## What is being asked
Repeat, word for word, all the data that follows, and exclude the pictures.

Data items
----------

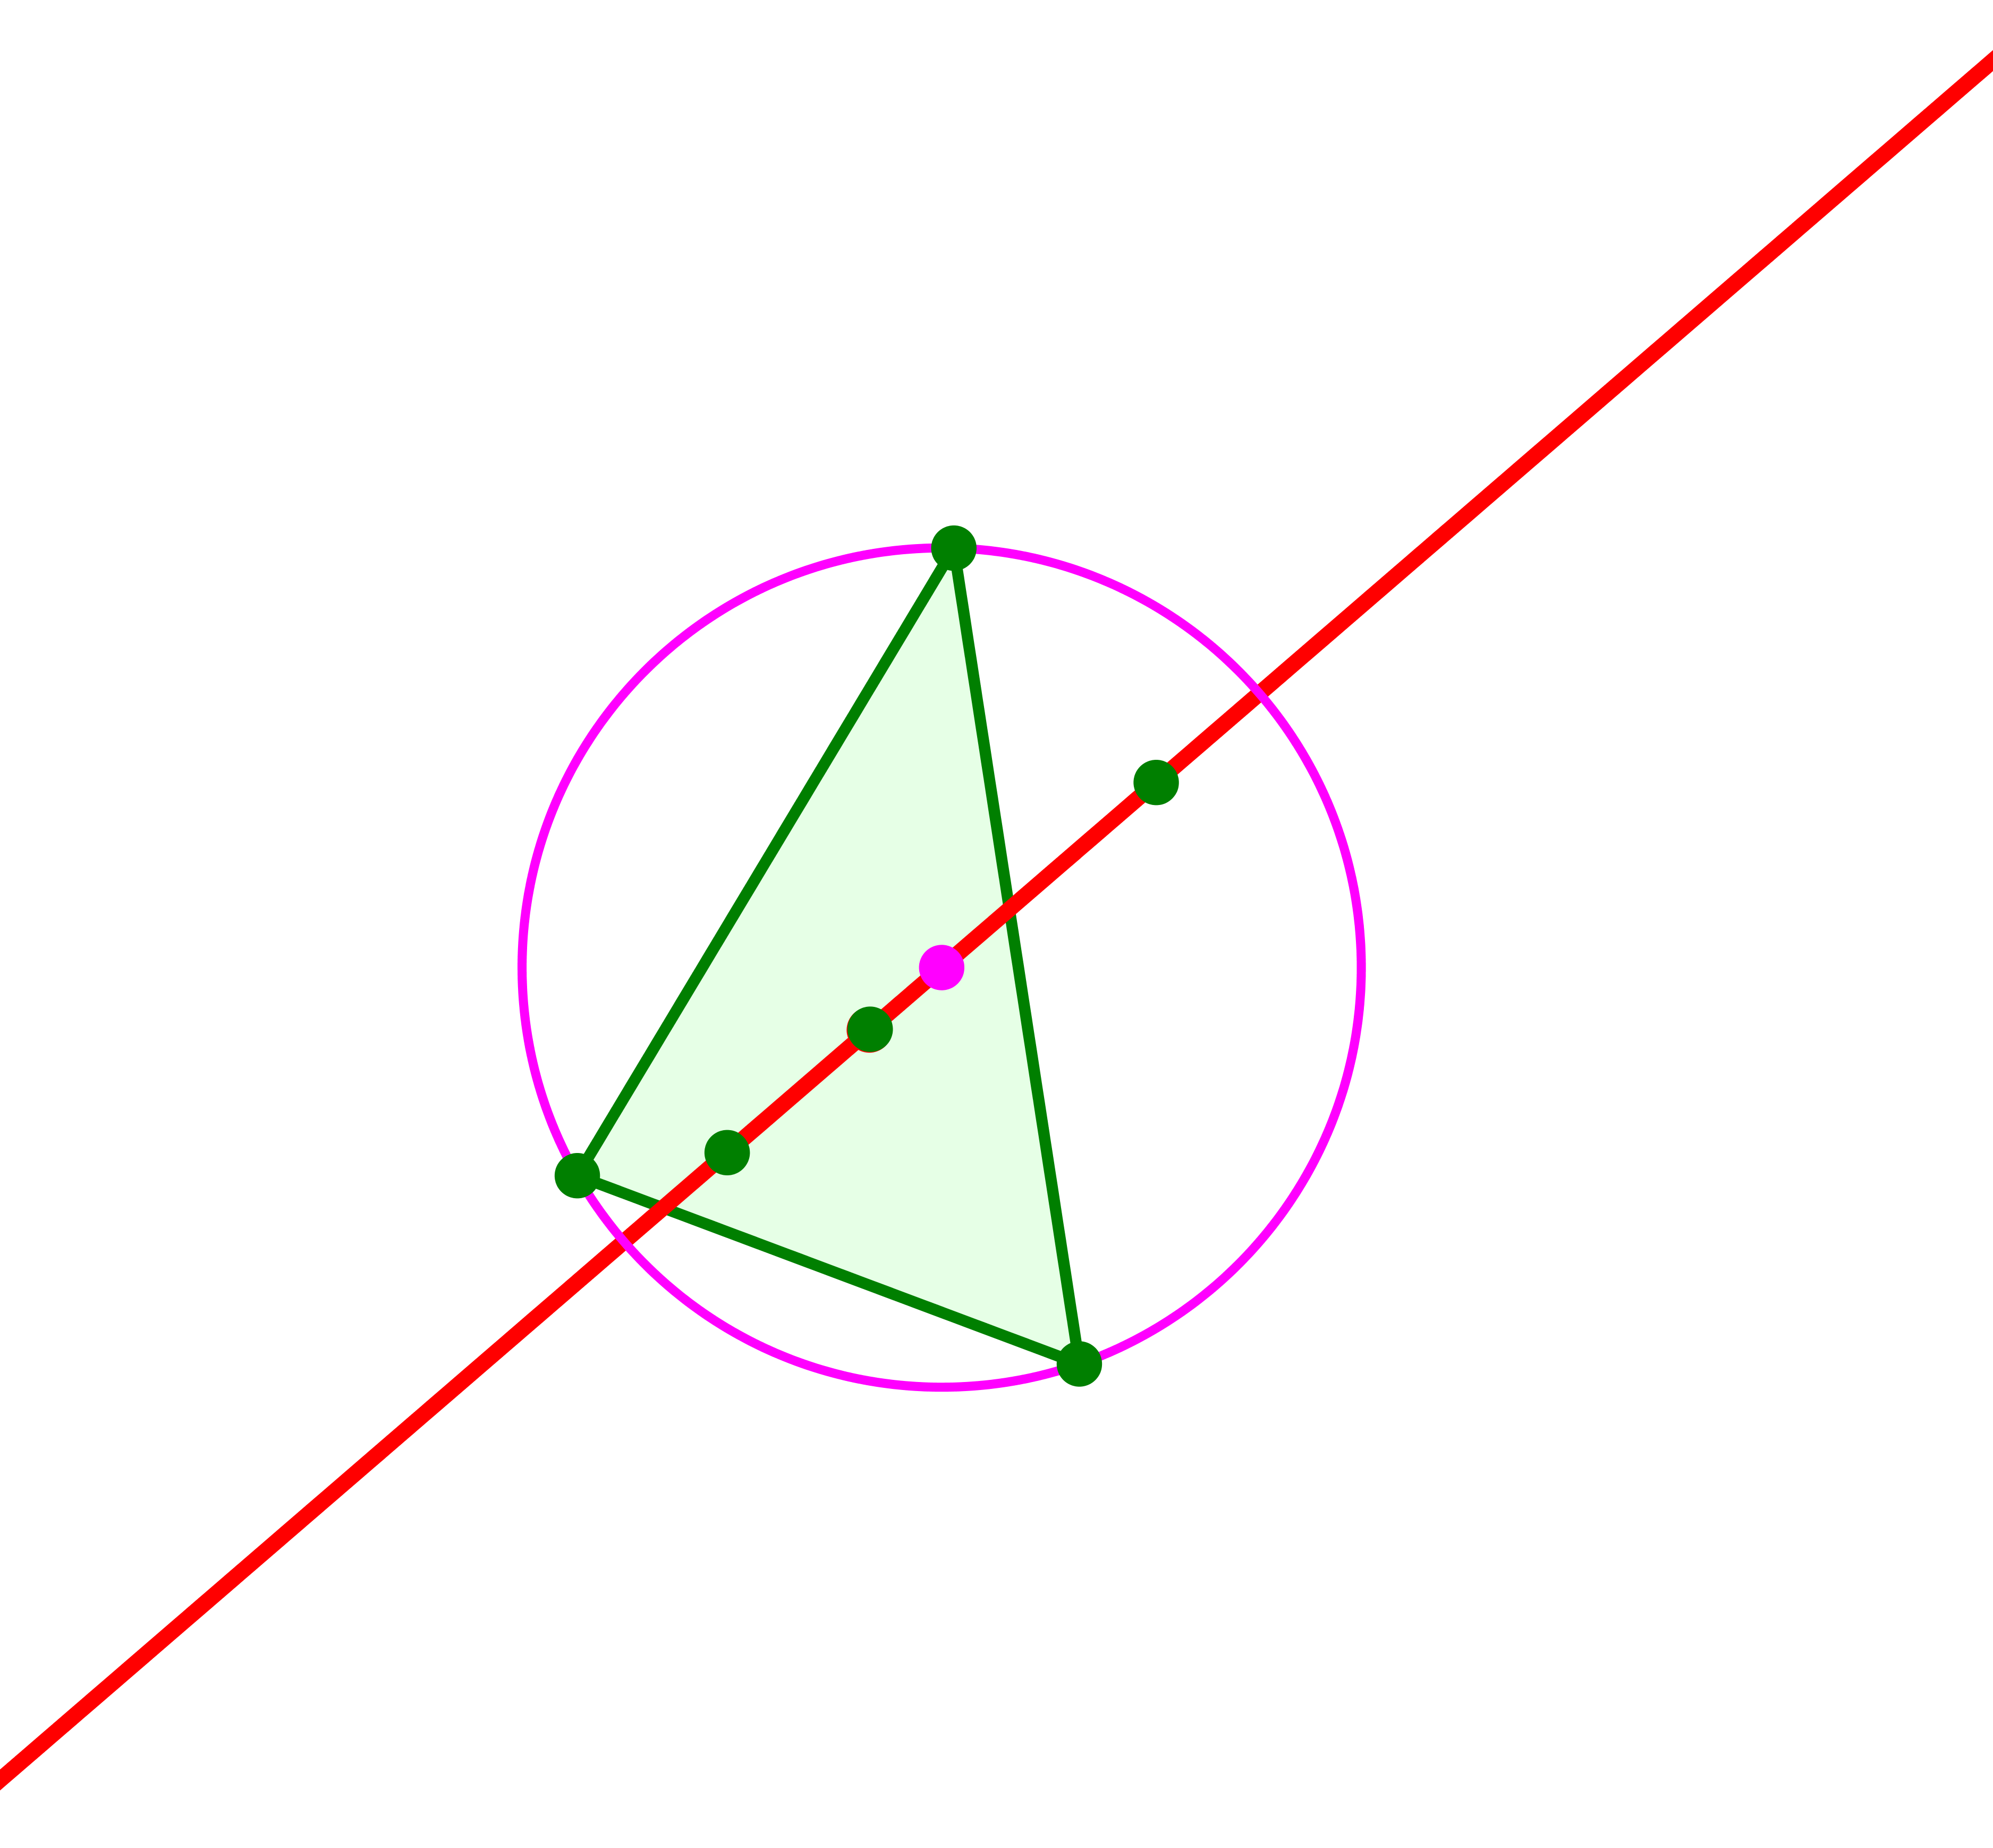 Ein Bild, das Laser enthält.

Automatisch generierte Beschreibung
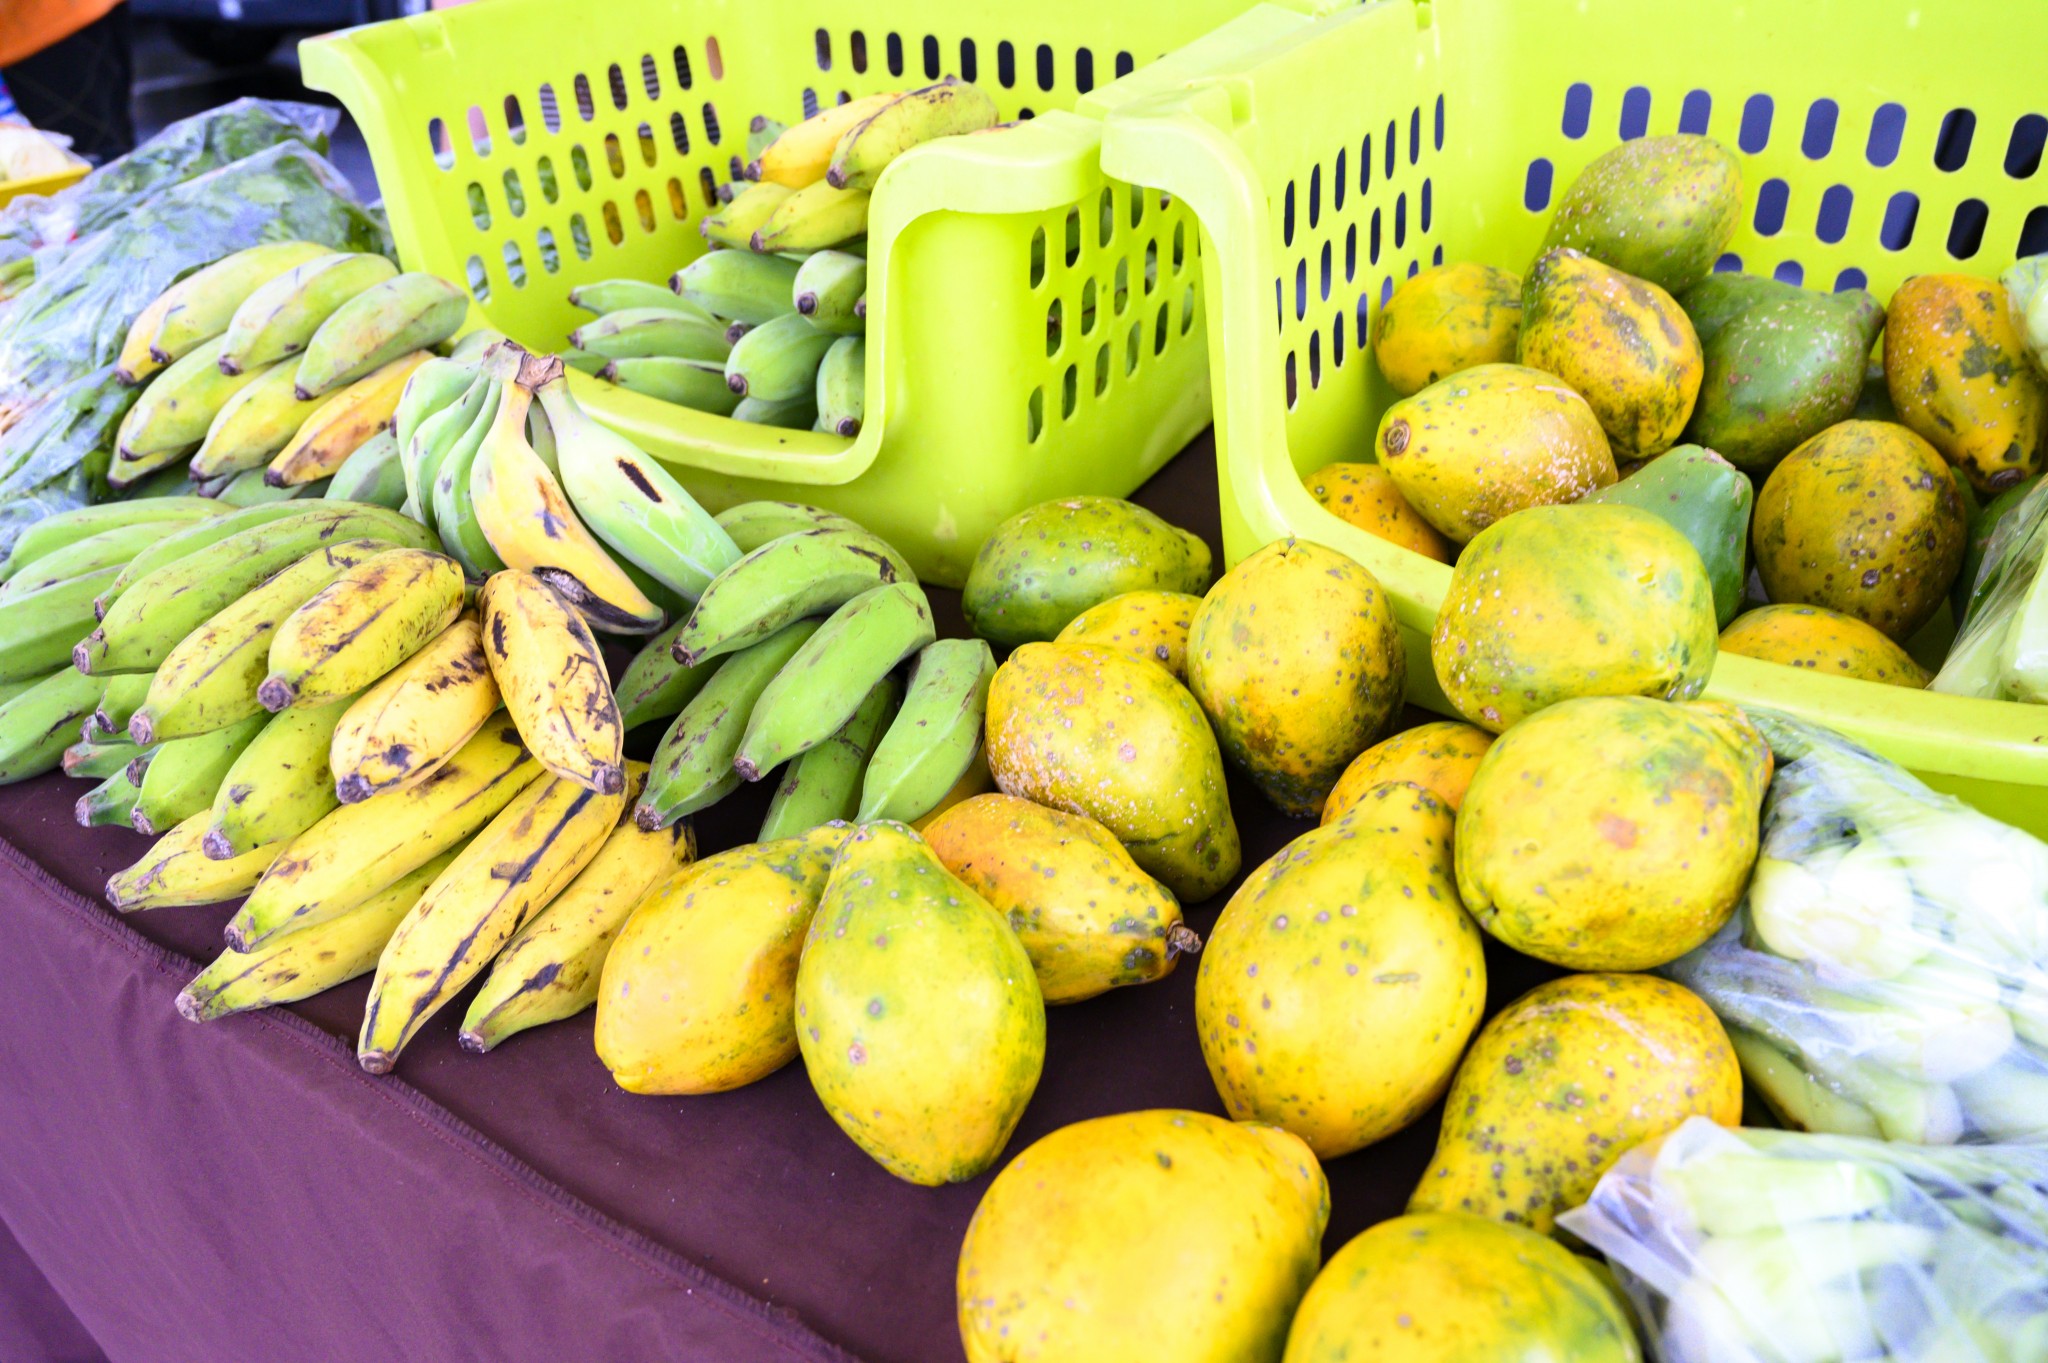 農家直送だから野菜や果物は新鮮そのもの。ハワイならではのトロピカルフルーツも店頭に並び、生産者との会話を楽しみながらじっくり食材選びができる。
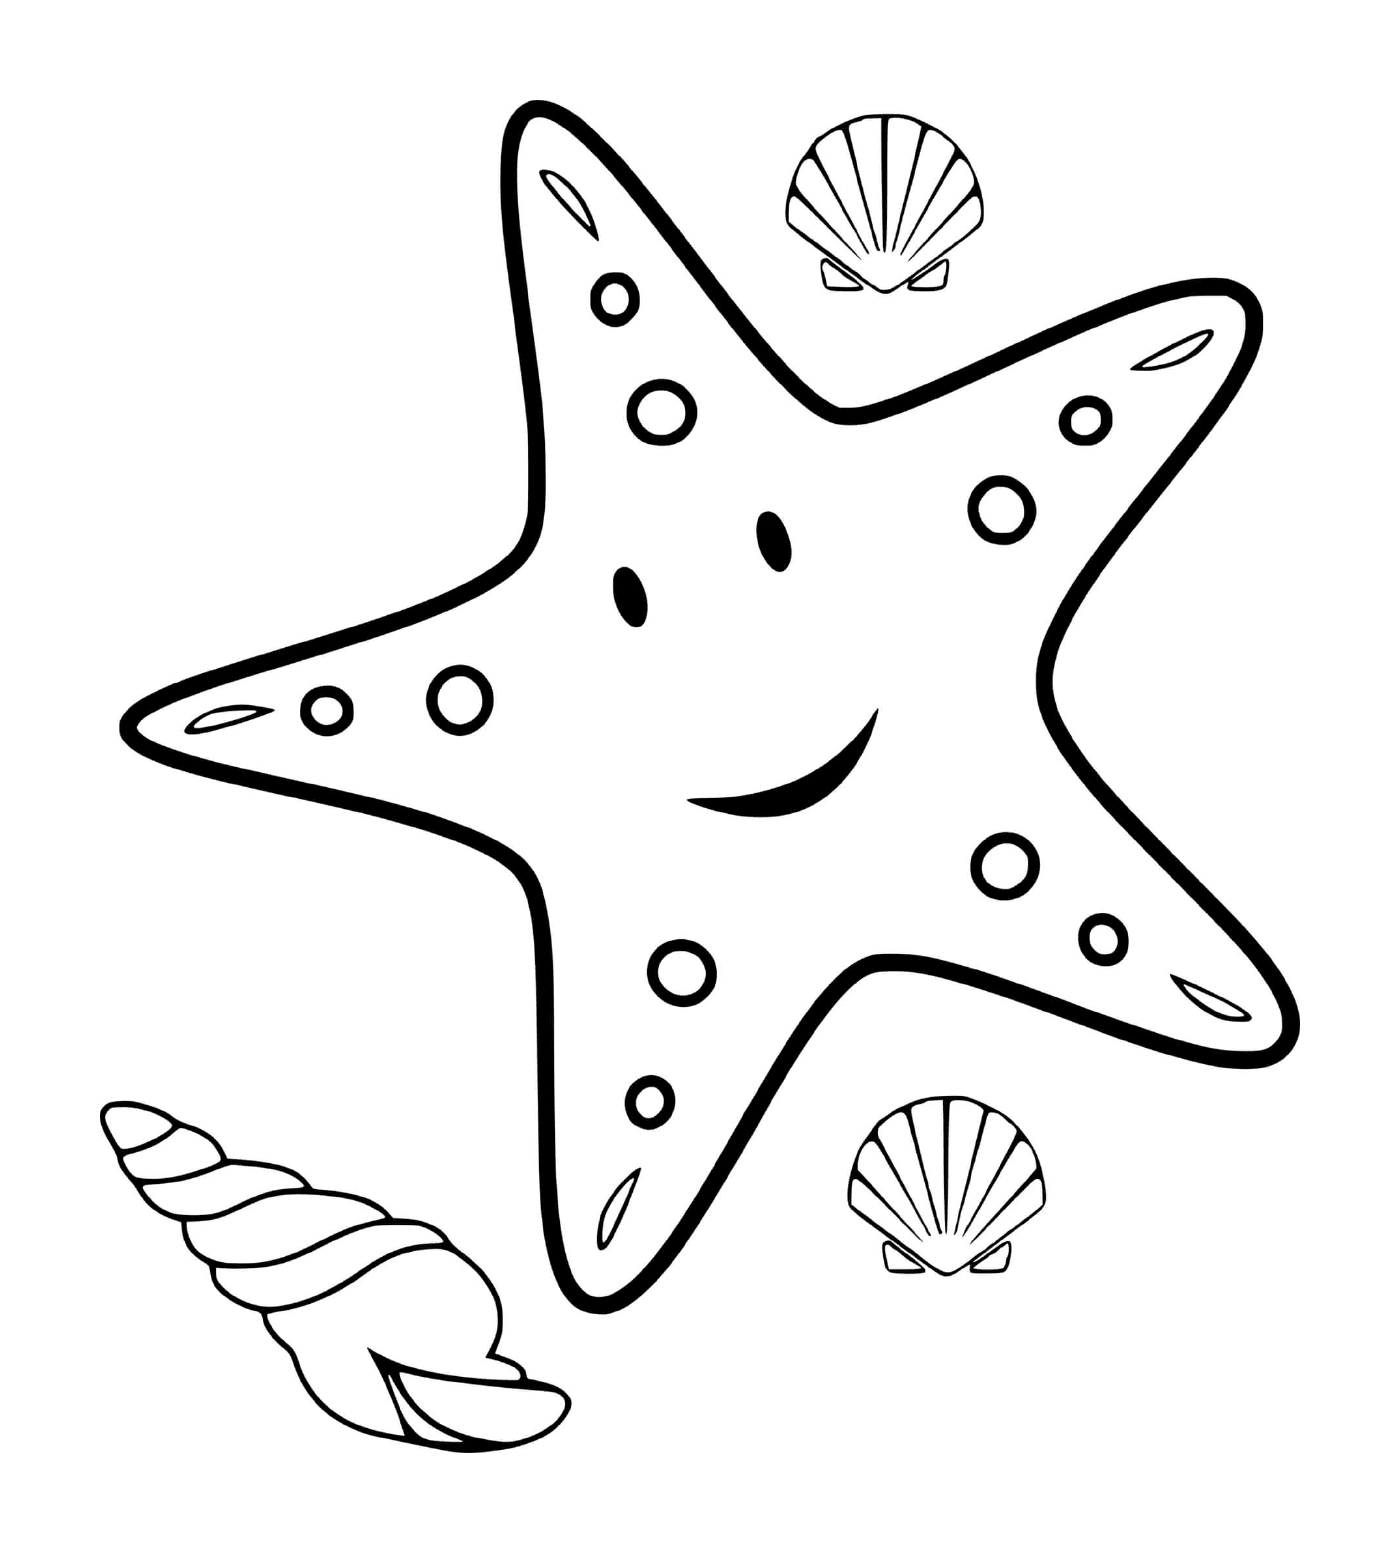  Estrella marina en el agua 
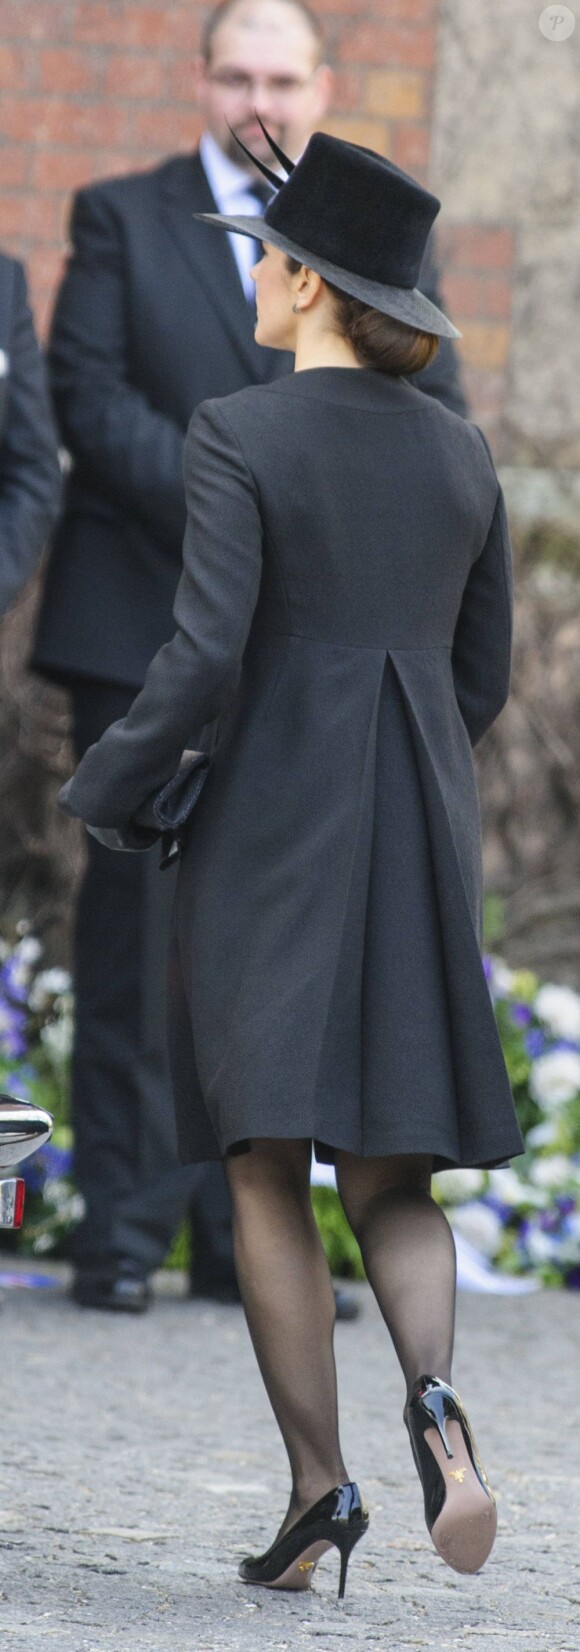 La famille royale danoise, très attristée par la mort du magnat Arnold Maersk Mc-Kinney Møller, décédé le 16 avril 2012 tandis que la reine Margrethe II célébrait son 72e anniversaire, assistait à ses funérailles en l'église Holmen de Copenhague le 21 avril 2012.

----------

## Exercise solution
 Ein Bild, das Laser enthält.

Automatisch generierte Beschreibung
 農家直送だから野菜や果物は新鮮そのもの。ハワイならではのトロピカルフルーツも店頭に並び、生産者との会話を楽しみながらじっくり食材選びができる。
  Estrella marina en el agua 
 La famille royale danoise, très attristée par la mort du magnat Arnold Maersk Mc-Kinney Møller, décédé le 16 avril 2012 tandis que la reine Margrethe II célébrait son 72e anniversaire, assistait à ses funérailles en l'église Holmen de Copenhague le 21 avril 2012.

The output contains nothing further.